Cheare proved to be a man with a wide knowledge of the Scriptures. This is well seen in Sighs for Sion, a tract that was published in London in 1656 by Livewel Chapman. (By the way, how typically Puritan is this man’s personal name! In other books that he printed, his first name is spelt “Livewell”). A second printing followed in 1657, which was also done by Livewel Chapman. Written mostly by Cheare, but with the help of four other Baptist leaders—Henry Forty, Robert Steed, John Pendarves (1622-1656) and Thomas Glasse—this tract essentially pled with the churches to which it was sent to overlook their differences of opinion regarding eschatology and to pray for the outpouring of the Spirit which the authors deemed vital if they were to see their churches quickened and strengthened (p.10-11).

Cheare and his co-authors cited examples of faithful praying from the Old Testament—such men as Nehemiah, Ezra, and Daniel—to stir up their readers to be fervent in prayer (p.12-13). In fact, the writers felt that God had already given the churches a taste of “this glorious blessing of the Spirit of grace and supplication”—a reference to Zechariah 12:10—and done great works on behalf of his people (p.15-16). But there had been defections from within their churches and “vain men,” in the words of Cheare and his colleagues, had attacked the Baptist position (p.17). Ongoing prayer for Christ’s cause to be honoured among them was thus still needed.

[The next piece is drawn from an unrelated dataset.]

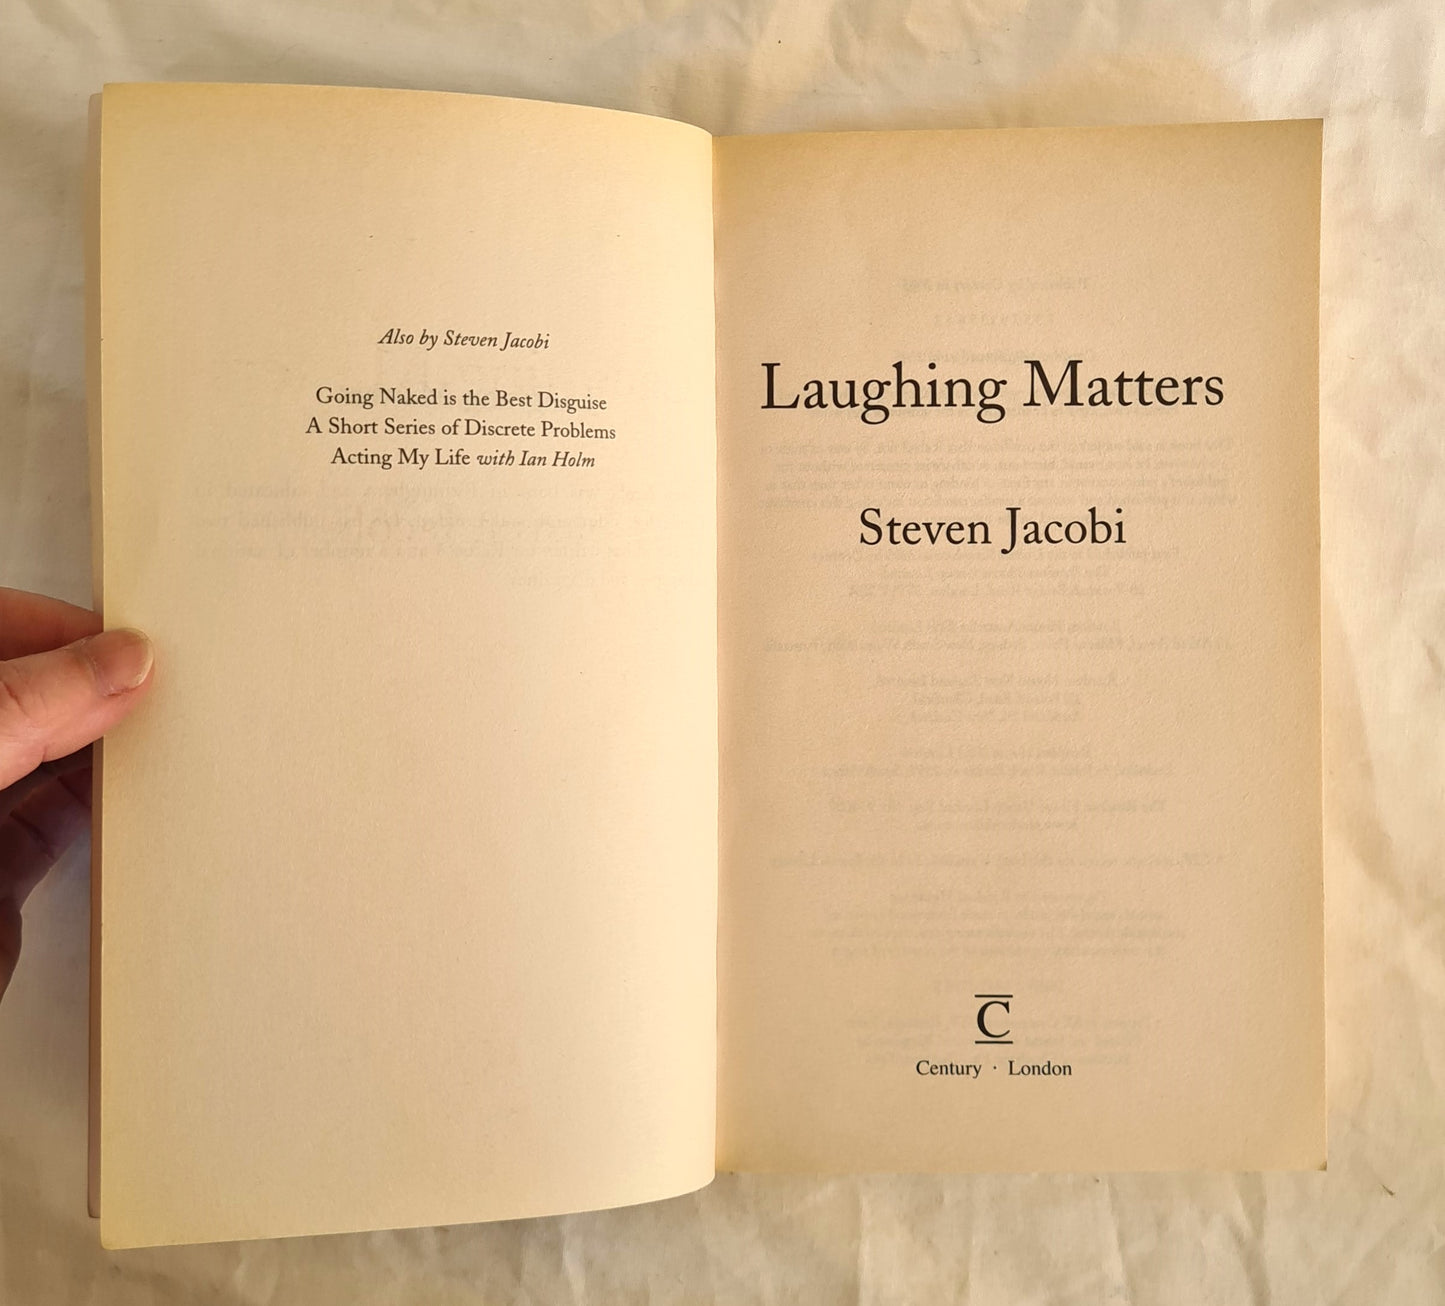 Laughing Matters by Steven Jacobi

In a powerful exhortation the churches were urged to reflect on what kind of congregations they ought to be like. Were they the sort of people they should be, then, Cheare and his fellow authors wrote,

“the zeal of the Lord’s house would eat us up, and love of it would crucifie us more unto, and wean us from those interests of earth, and men, whereupon we have been apt to lean, and whereunto we have been deeply and dangerously engaged: causing us also to wait to be with Jesus, which is best of all; and in the mean time to pant, and thirst uncessantly, for that holy Spirit of promise, that alone can present us with the ravishing glory of that expected day, and raise up our spirits to a sweet and suitable disposition, according to the will of God, to wait and act aright toward it” (p.18-19).

Though so many things have changed between Cheare’s day and ours, our need is ultimately no different from that of the Baptists being addressed by Cheare and his friends. May the Lord grant us “to pant and thirst” without ceasing for the same Spirit of supplication that we might live for the glory that is to come!